Scrive Marcello Veneziani, in un articolo di un paio di anni fa QUI"In realtà Martini non stimava Bergoglio e benché gesuita come lui non lo considerava affatto nel suo solco. A ulteriore conferma è passata inosservata la testimonianza resa da Andrea Riccardi sul Corriere della sera. Alla vigilia del Conclave che portò all’elezione di Ratzinger nel 2005, racconta il fondatore della Comunità di Sant’Egidio, con Martini “Parlammo di nomi e io accennai con un certo entusiasmo al nome di Bergoglio: «Andrea, allora è molto cambiato da come lo conosco». Chiuse il discorso con freddezza. Martini partecipava all’establishment della Compagnia, che non aveva un buon giudizio dell’ex-provinciale argentino Bergoglio. Ratzinger non era nelle sue corde, ma alla fine tra colleghi professori, anche se non si è d’accordo, si riconosce il valore dell’altro. Un valore che non era affatto riconosciuto a Bergoglio, considerato tutt’altro che “progressista”. 

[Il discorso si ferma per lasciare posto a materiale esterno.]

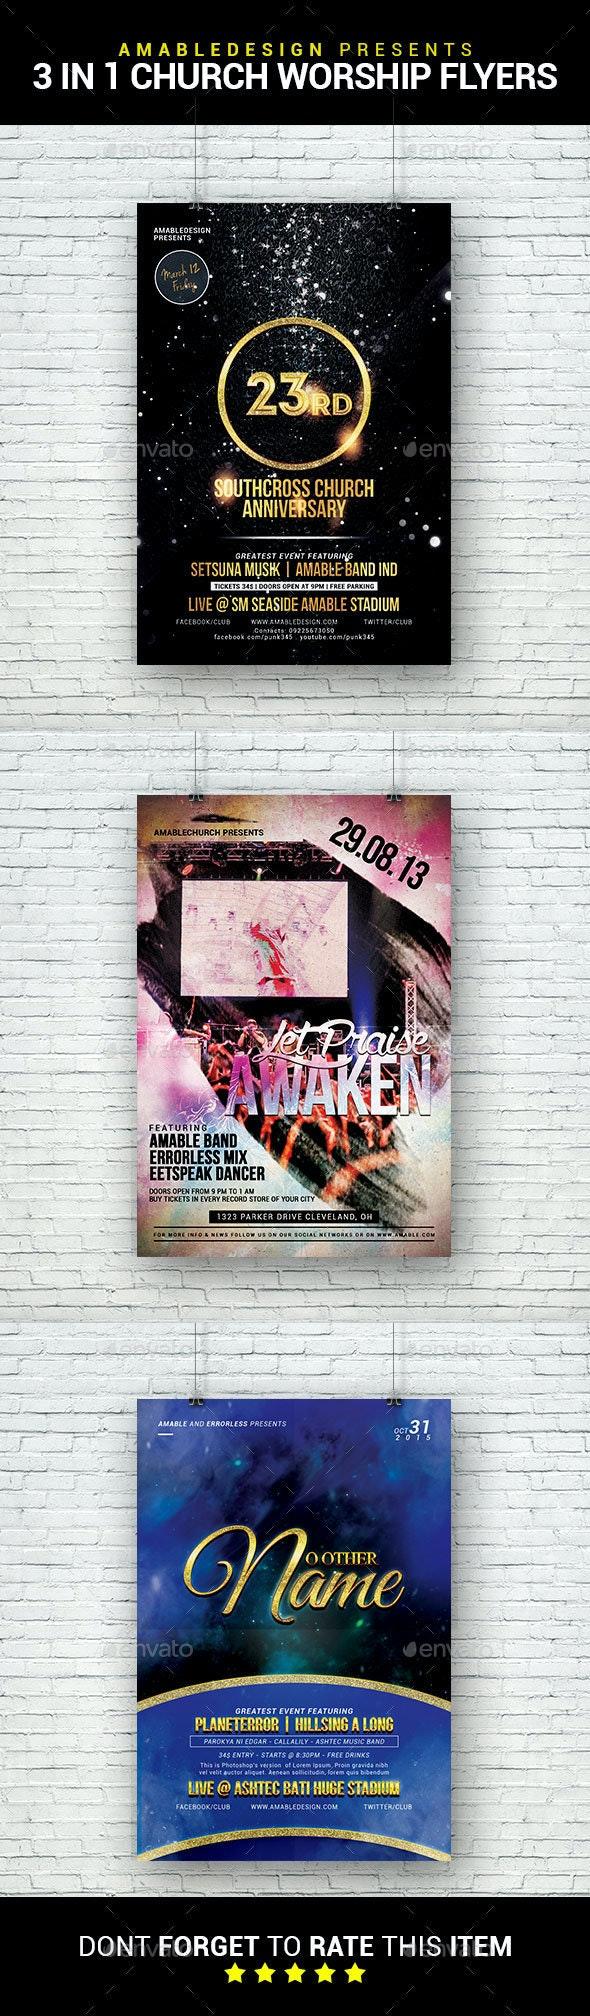 3 in 1 Church Worship Flyer/Poster Bundle - Church Flyers

Naturalmente, Bergoglio, che Martini non vedeva di buon occhio, sarebbe stato troppo diverso da Giovanni Paolo II per attuare il sovvertimento gnostico della fede, obiettivo di questa lobby.

Benedetto XVI fu così macinato per bene dai media, in mano ai poteri globalisti. Ratzinger, del resto, era meno temibile da papa che non da cardinale: da prefetto della Fede era una potenza, ma come papa, non possedendo il carisma comunicativo di Giovanni Paolo II, sarebbe stato facilmente mobbizzato a livello mediatico, come poi puntualmente avvenne. Così, costretto a dimettersi il “Rottweiler di Dio”, come definirono quel santo uomo, Bergoglio, col "buonasera" e il battage pubblicitario da grande riformatore prese subito l’abbrivio.

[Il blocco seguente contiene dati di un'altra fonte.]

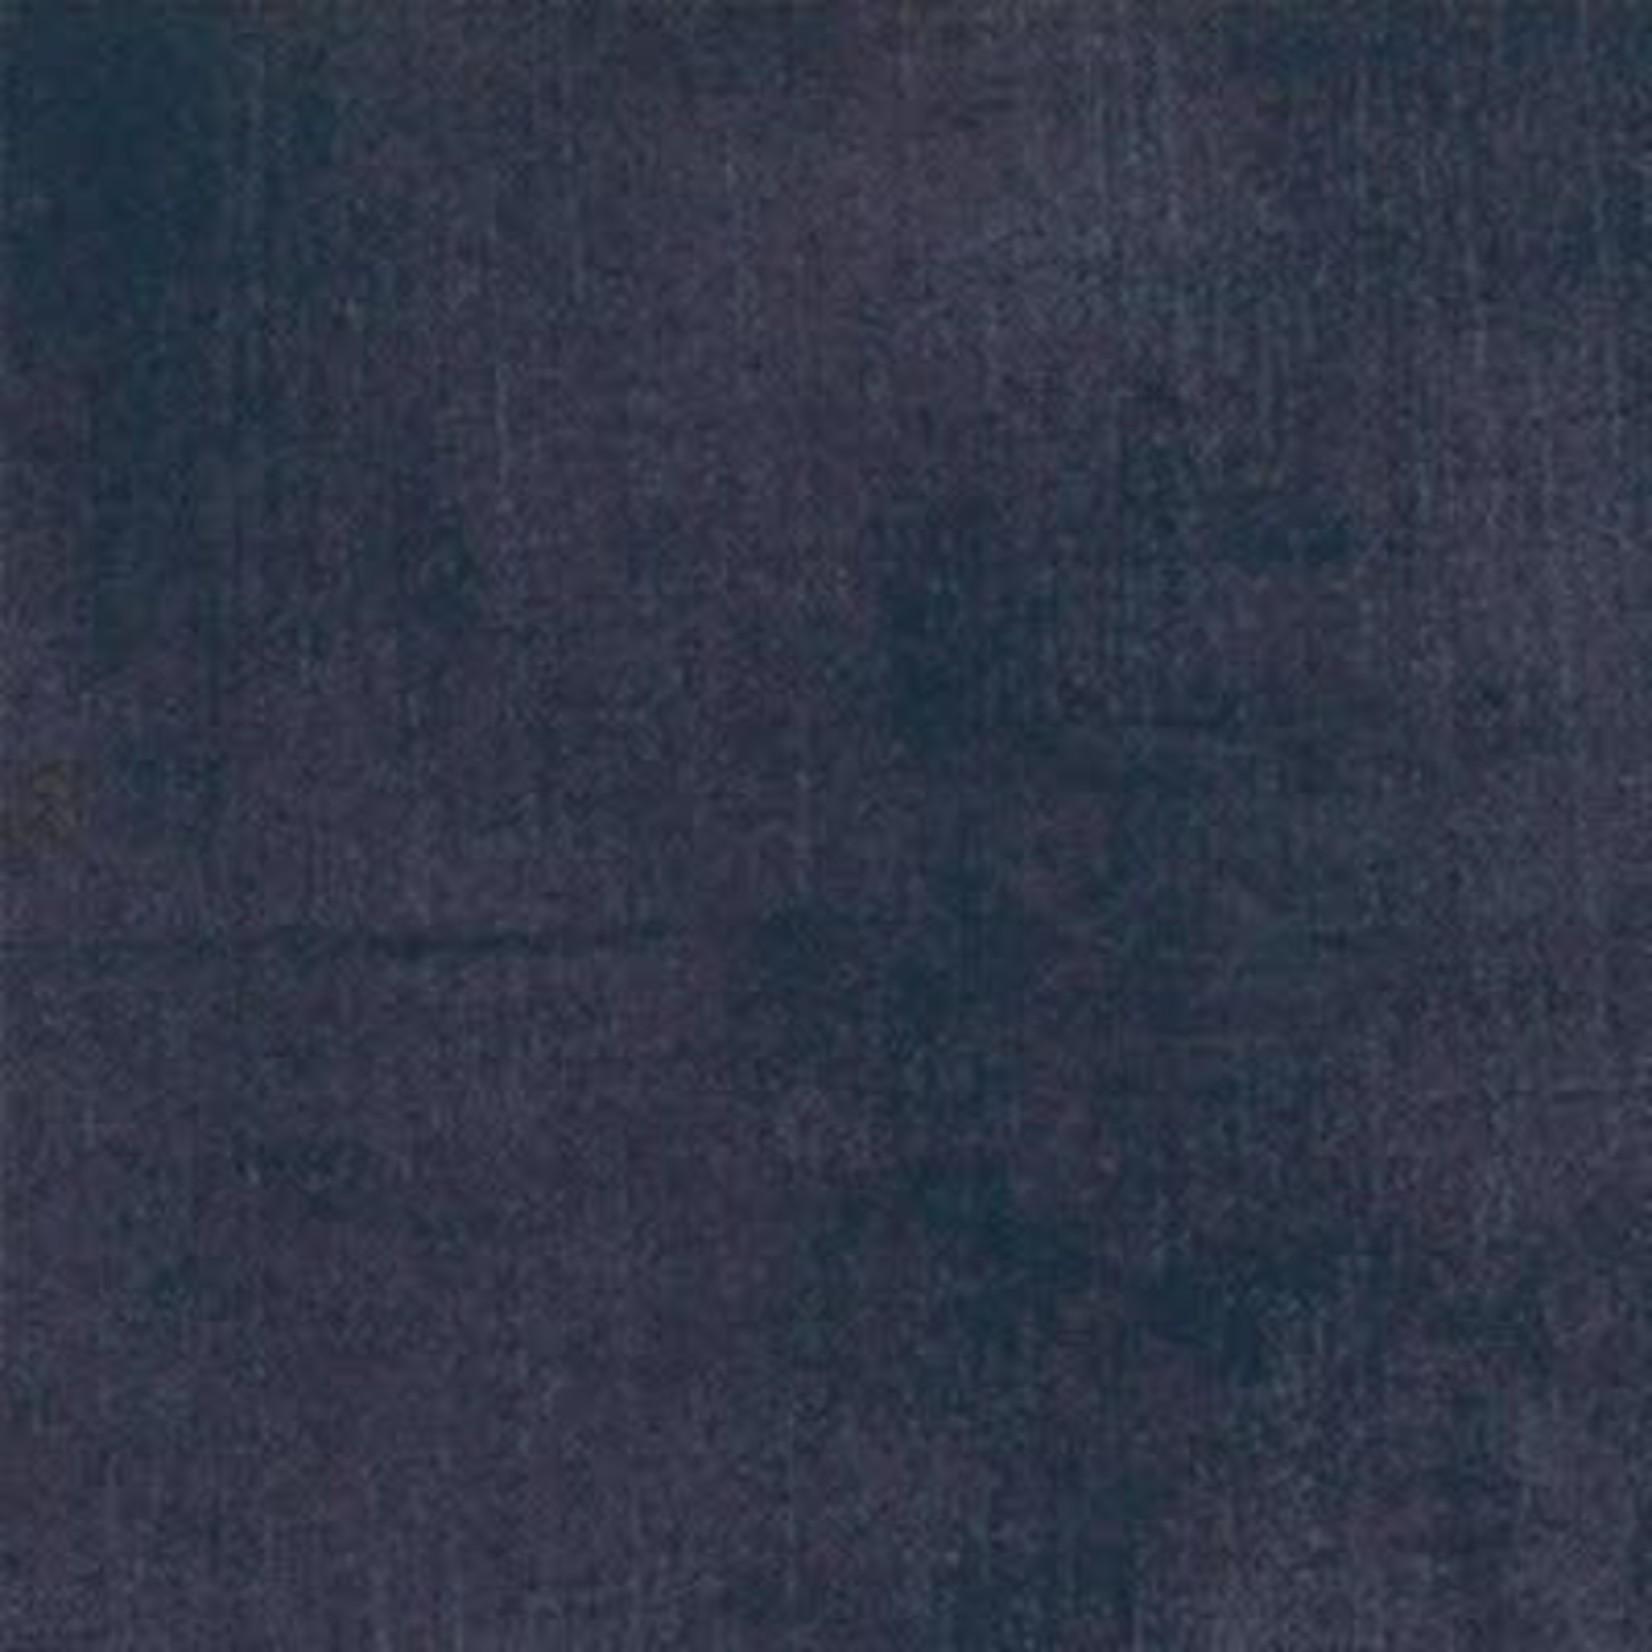 Moda Grunge Basics Grunge - Picnic per cm or $20/m

Ma Benedetto non ha abdicato: ha fatto come Gesù e si è offerto alla sua detronizzazione, facendosi porre in sede impedita dalla convocazione di un conclave abusivo che ha automaticamente scismato e antipapato Bergoglio.

 

I sangallisti, anche se sapevano che Benedetto era in sede impedita, se la sono rischiata ugualmente. “Tanto, chi se ne accorge?”.

Ma il piano è miseramente fallito e tutto è venuto alla luce. Non è prudente mettersi contro il Vicario di Cristo.